There is no nation that has reached continuous and fast economic development without 50% of its population literacy. Inability to provide equal education chance to girls like boys can lead to many  emerging  nations  not reaching universal information and knowledge society (EFA  Global  Monitoring   Report,   2002).   Furthermore, lack of universal access to literacy by both boys and girls will cost emerging nations millions of dollars every year (Human Development Report, 1999). An individual’s income increment by fifteen percent every year of education received equates to a three percent increment annually in GDP if high quality literacy is provided to whole population (OECD, 2005).  Universal access to literacy is a key framework for the economic growth of a universal information and knowledge society, including democratic nation and universal security (UNESCO, 2011).
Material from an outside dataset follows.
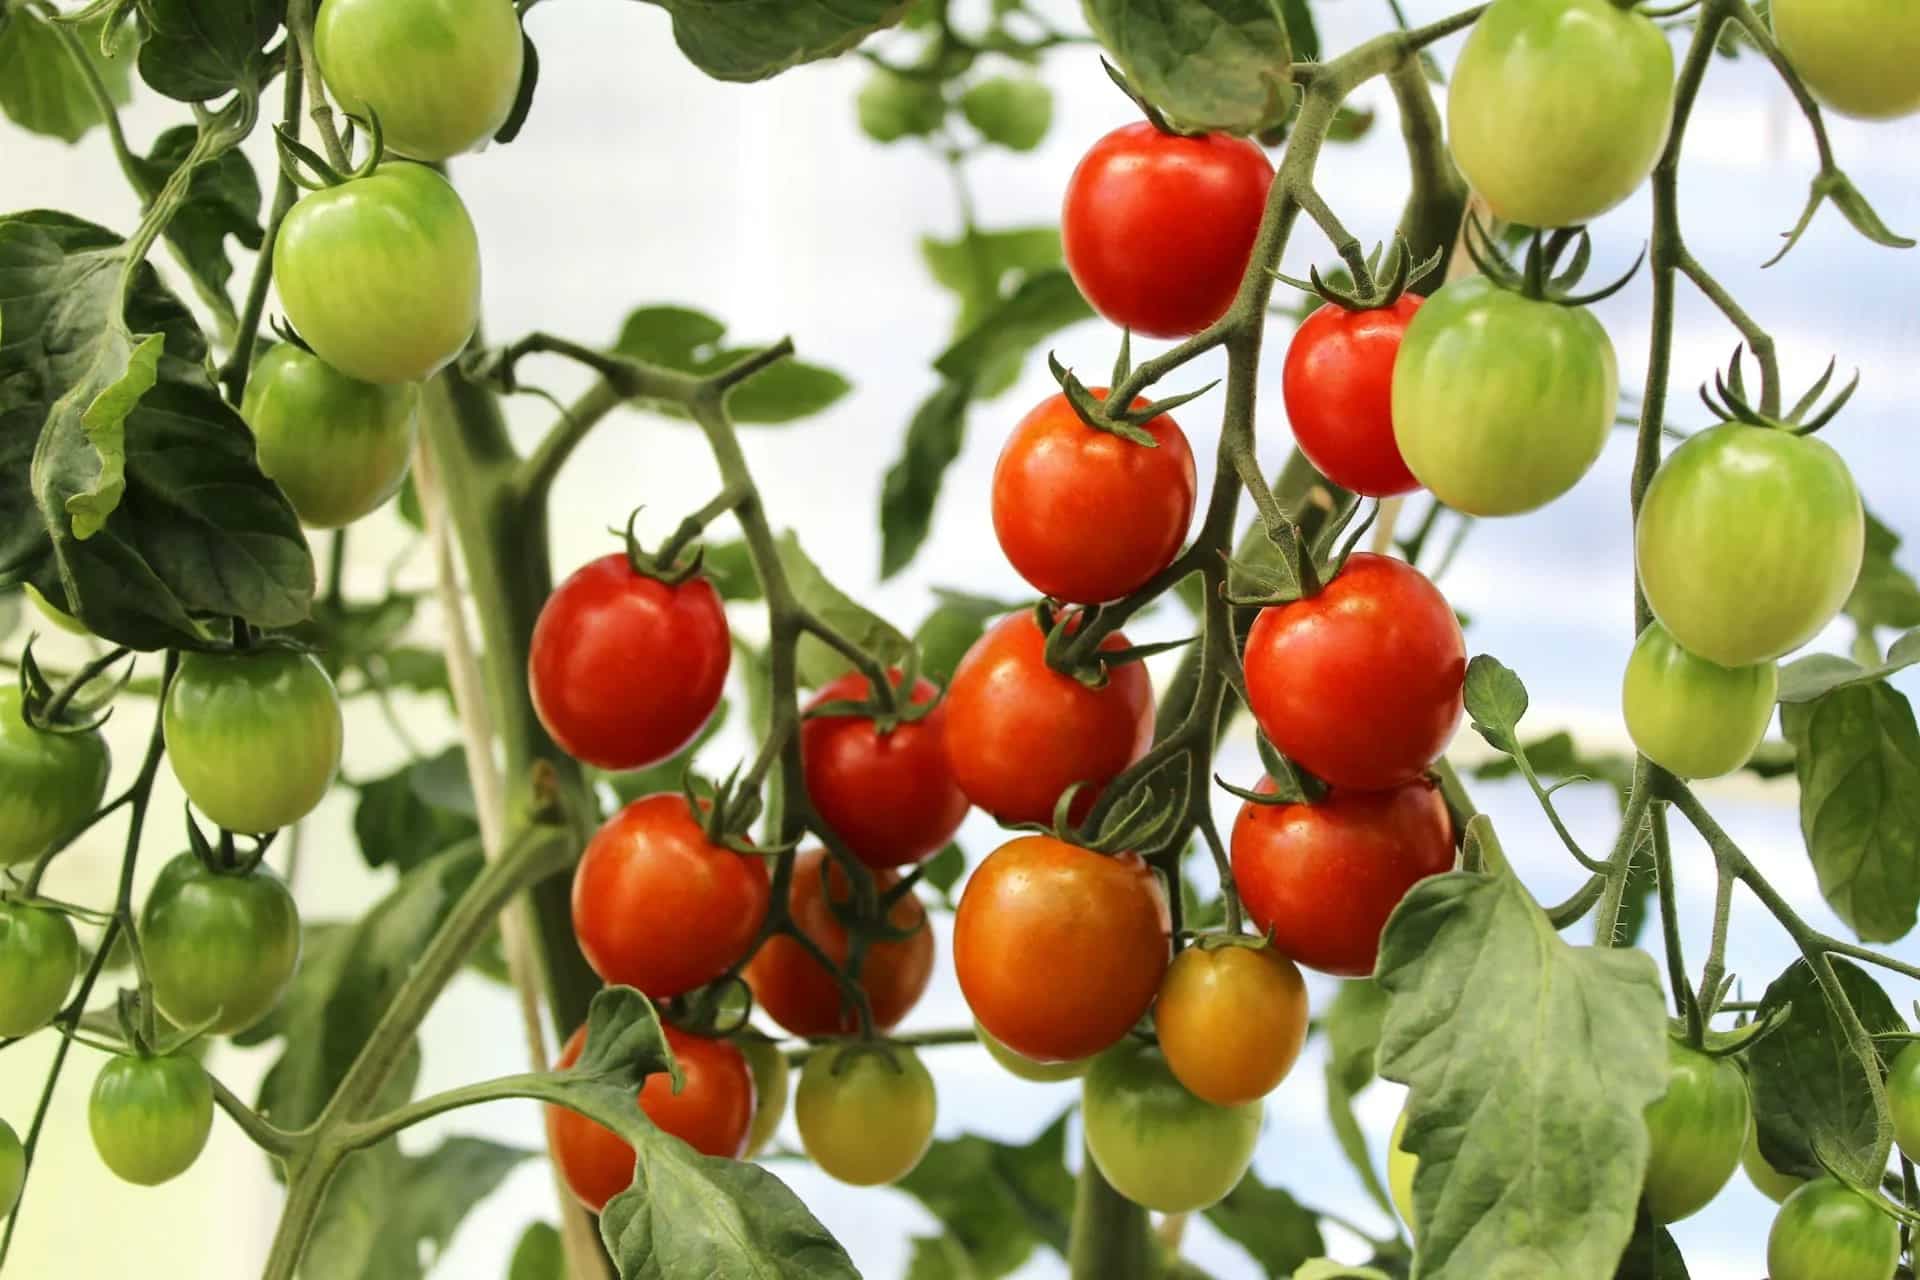 Can You Grow Cherry Tomatoes At Home? 6 Things You Should Know
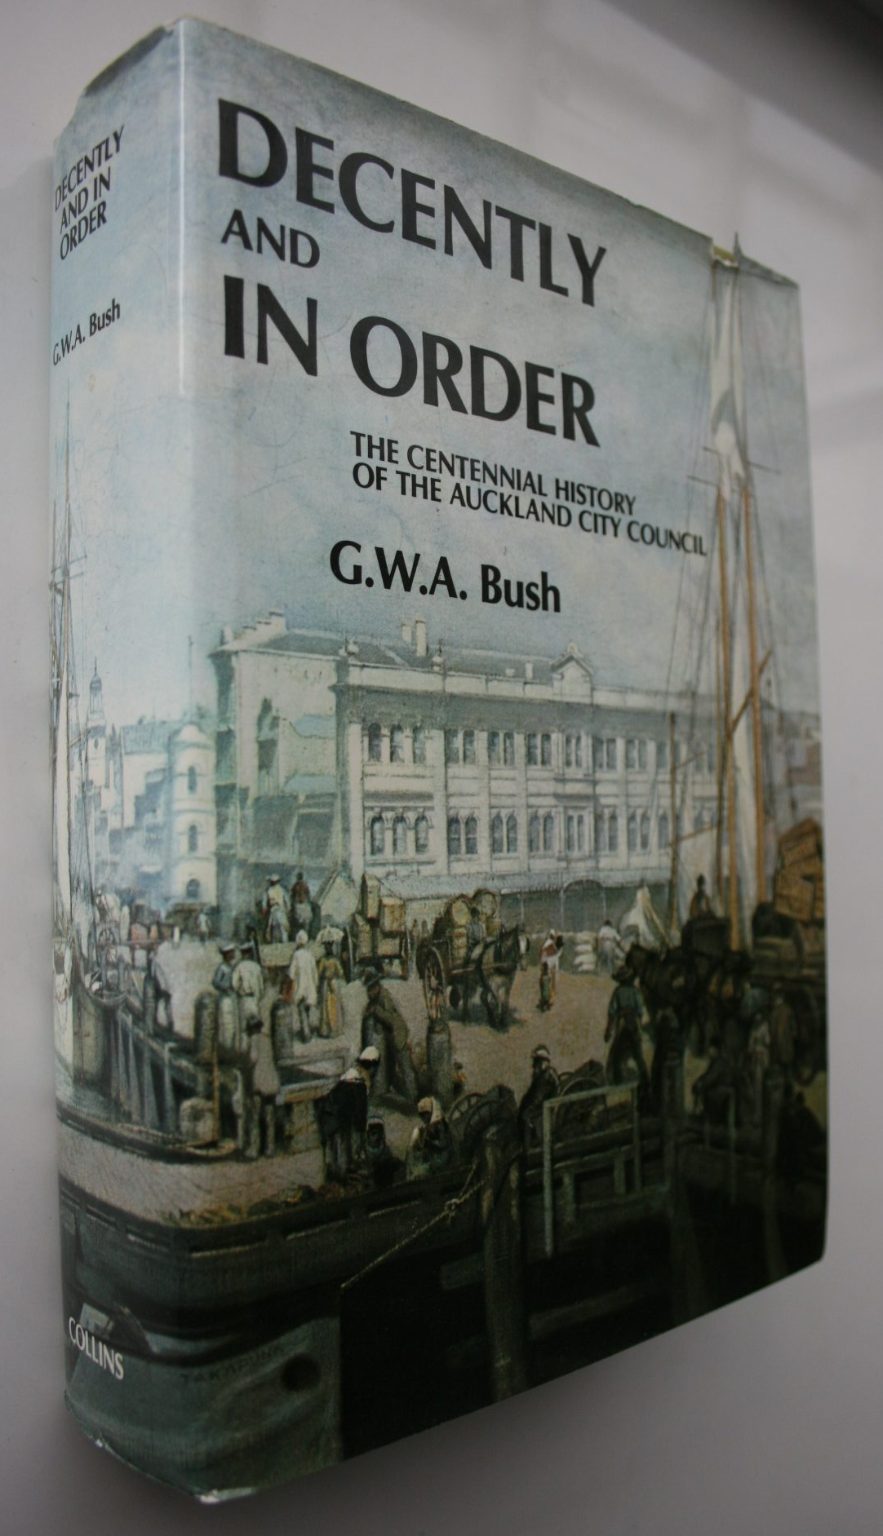 Decently And in Order - the Centennial History of the Auckland City Council. By G.W.A. Bush.

Universal access to literacy promotes peace all over the world and continuous schooling reduces a male’s chance of being involved in violent activities by thirty percent (UNICEF, 2004).


 CONCLUSION

The subject of equal data societies will not seize to be at the core of UNESCO’s functions to satisfy WSIS objectives. For some time, World Summit on the Information Society has created the importance of reaching the far side of technology to make sure that ICTs meet human development desires. Equal data societies are societies where individuals have prepared access to information, equal access to literacy and communication devices in languages and formats that suit them irrespective of their individual situations, the abilities to interpret and create them, and use opportunities to change information and competencies into balanced livelihoods. Such societies will be highly equipped to deal with the challenges of financial condition wipeout, access to literacy, sustained development and peaceful existence that also affect our world. UNESCO can still follow them smartly through its own programmes and in collaboration with other agencies.
 
Since it promotes knowledge and competencies and emphasizes on new ethical values and enhances personal and group empowerment, equity in education access is at the core of economic, technological and social as well as attainment of universal knowledge society. The relationships between literacy levels and characteristics such as income levels, health conditions, and long life are well published in all emerging and developed economies. Lately, the focus has increased in the critical function of universal access to education in attaining universal knowledge society and peoples’ efforts to improve livelihoods and enhance quality of life. The strategy in which literacy supports equity in knowledge society is important for taking into account the great impacts of literacy on human developmen


 CONFLICT OF INTERESTS

The author has not declared any conflict of interests.